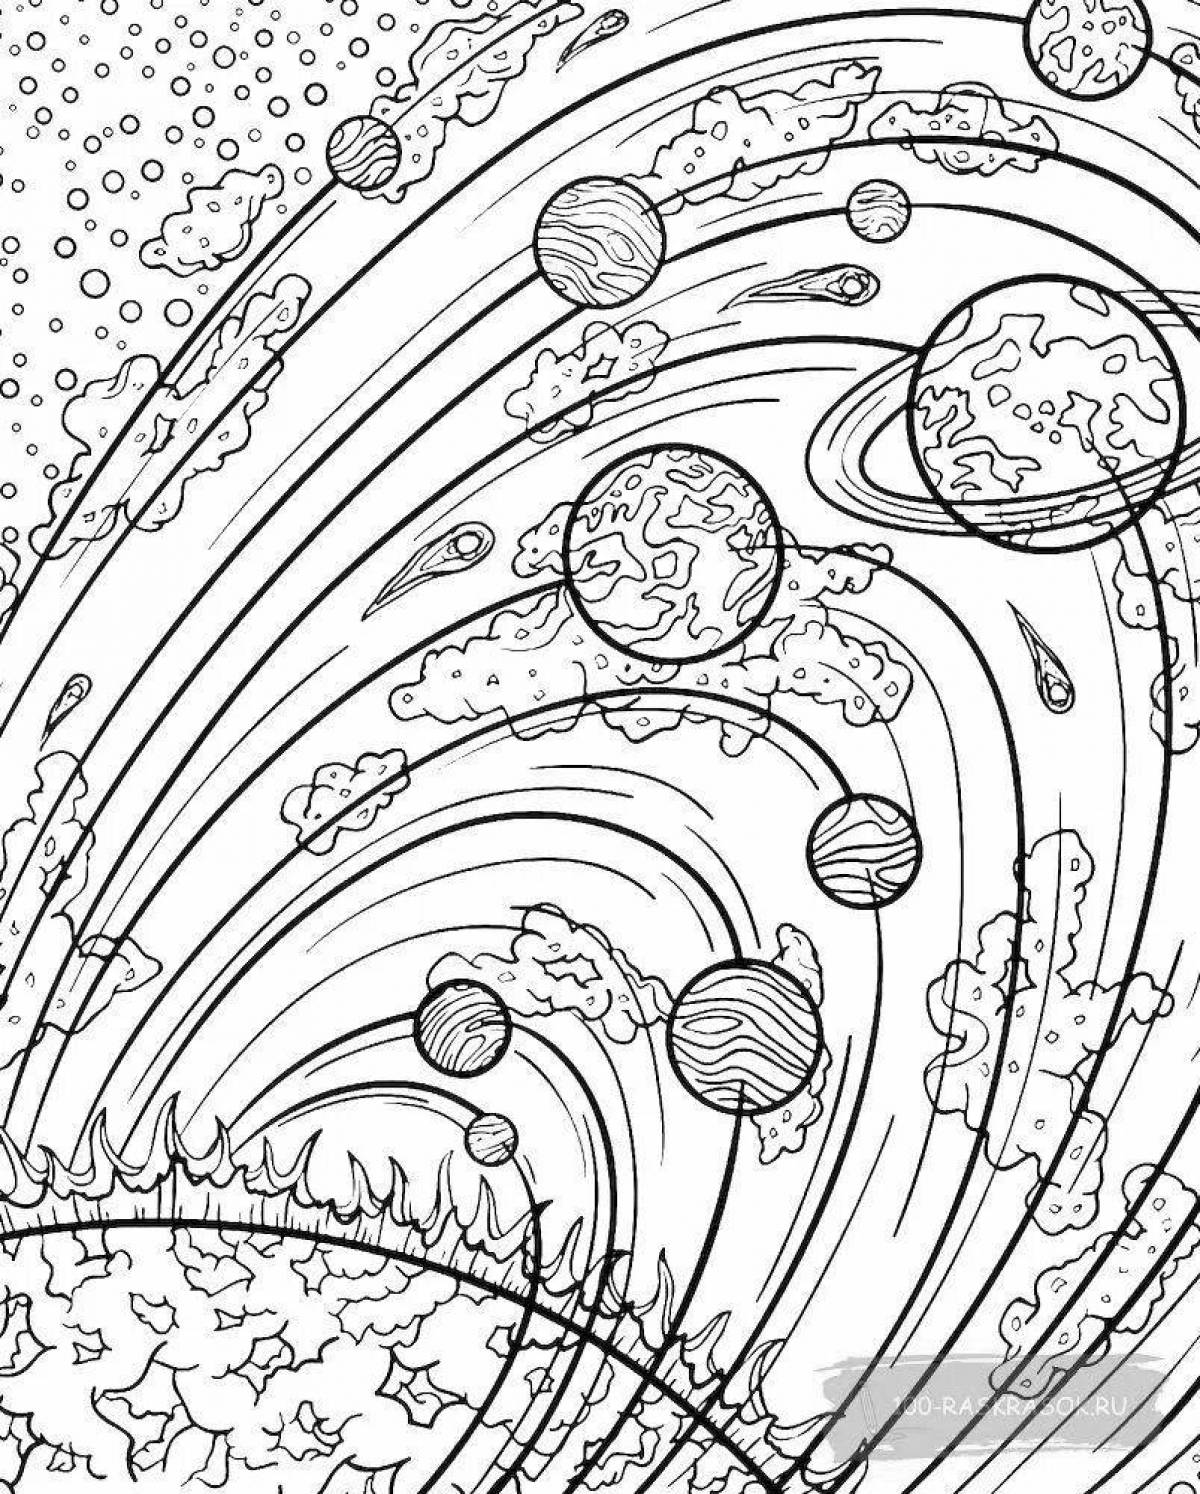 Amazing coloring pages animals in orbit
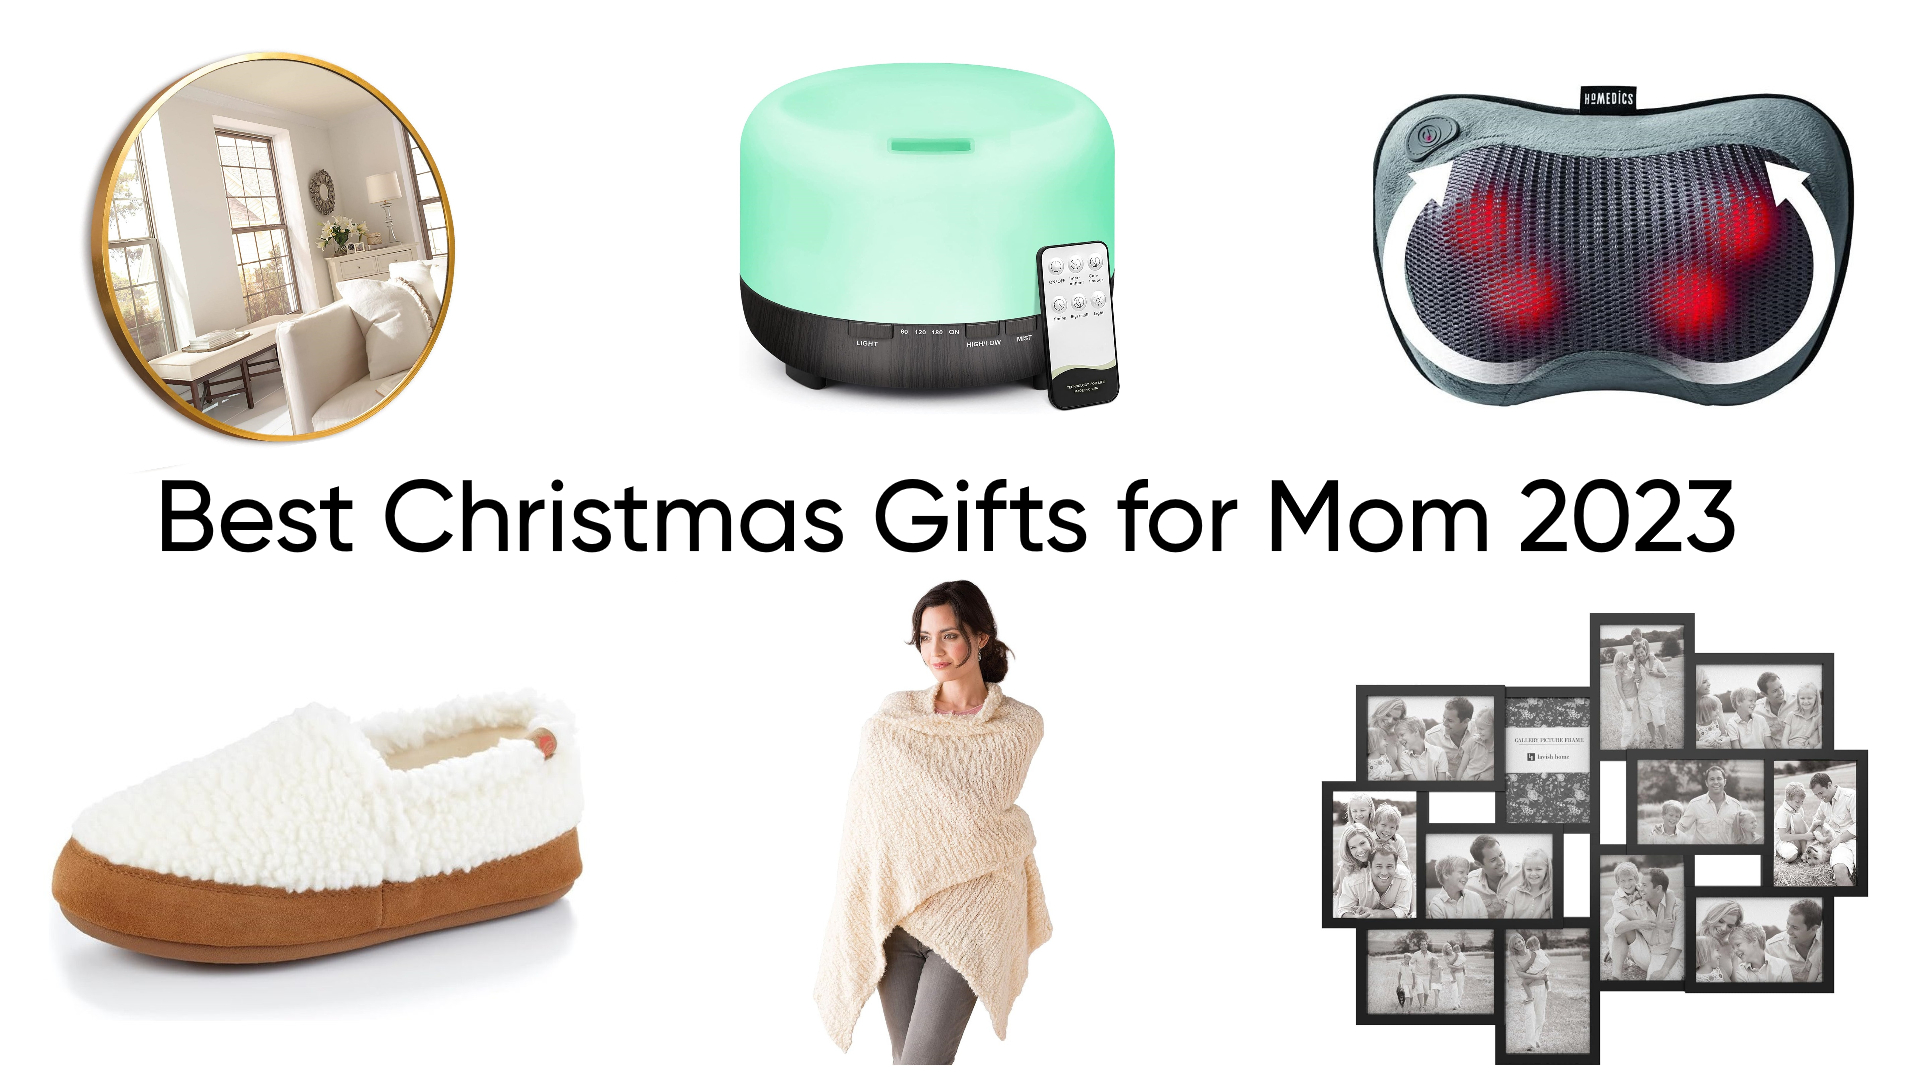 Best Christmas Gifts for Mother in 2023
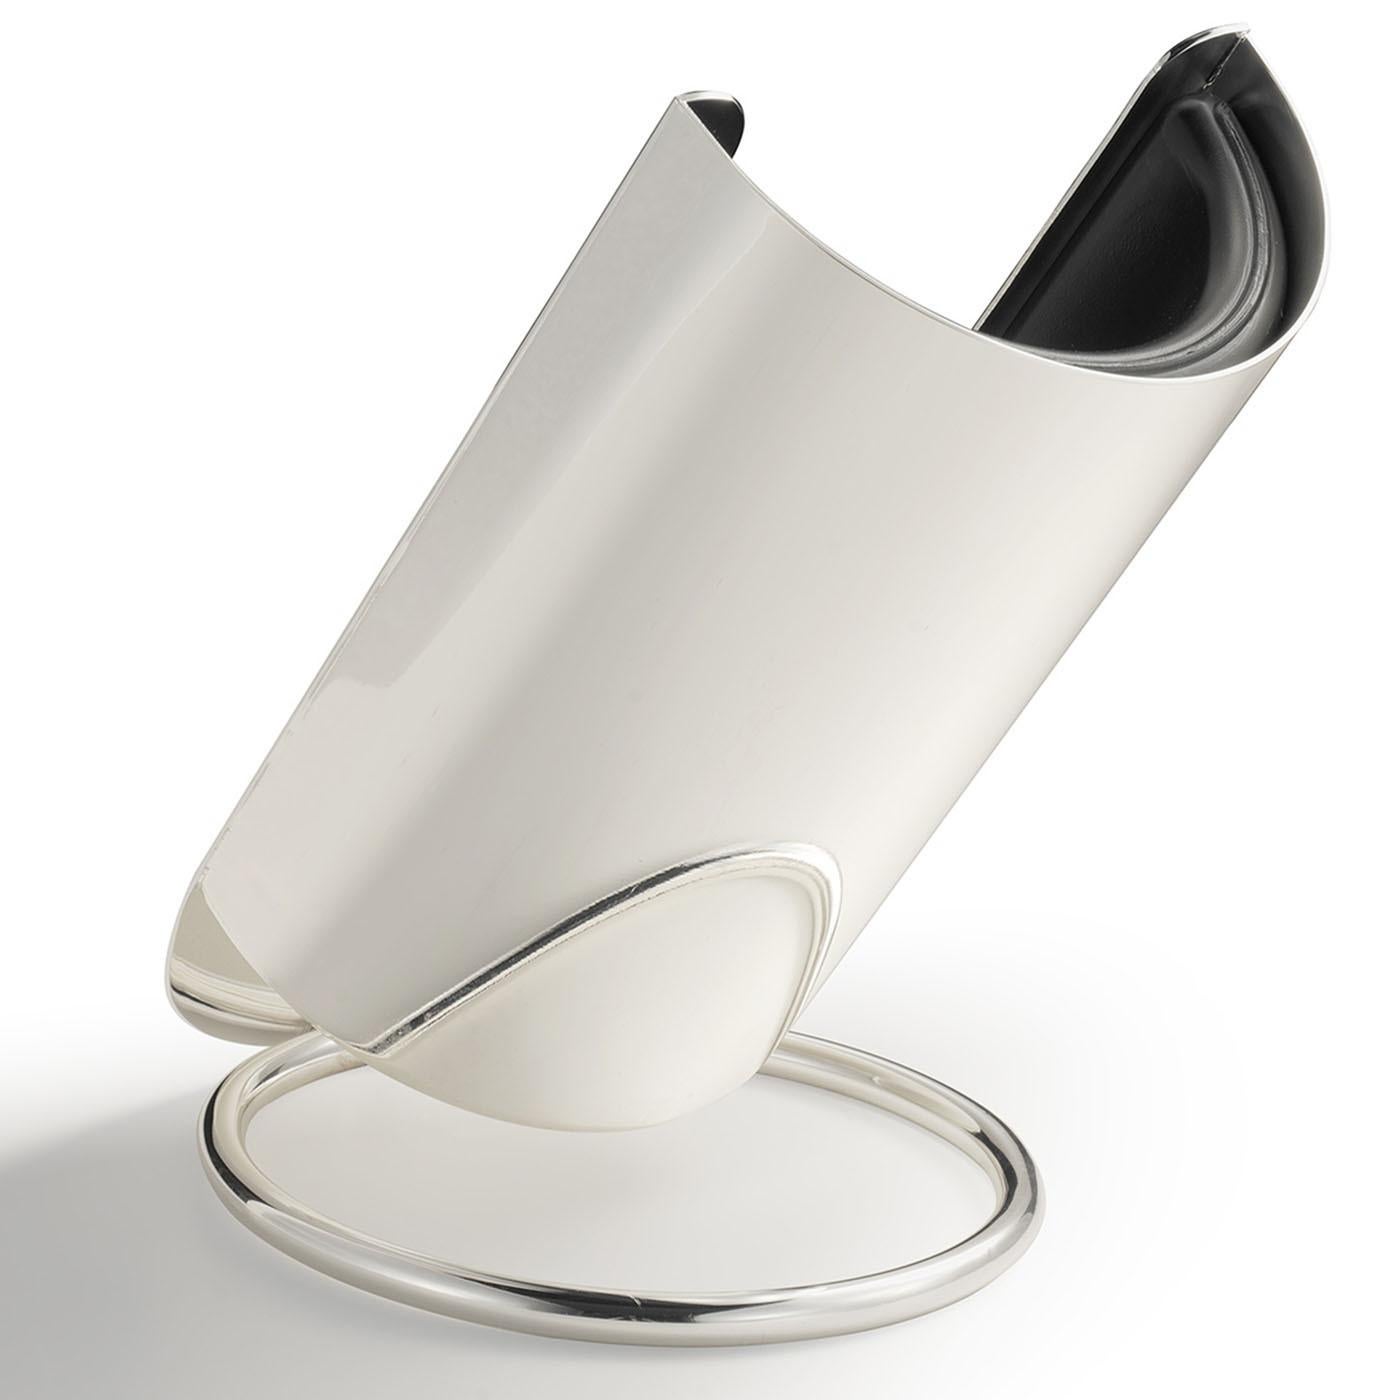 Superb for displaying bottles for special occasions, this exceptional bottle holder is the perfect addition to dining decors. The ringed base with a satin silver finish supports the half-moon shell, cooling your beverage while also exposing the

Work instruction: Give back the material above exactly as it appears, minus any picture.

Exercise result:
 Amazing coloring pages animals in orbit
 Best Christmas Gifts for Mother in 2023
 Superb for displaying bottles for special occasions, this exceptional bottle holder is the perfect addition to dining decors. The ringed base with a satin silver finish supports the half-moon shell, cooling your beverage while also exposing the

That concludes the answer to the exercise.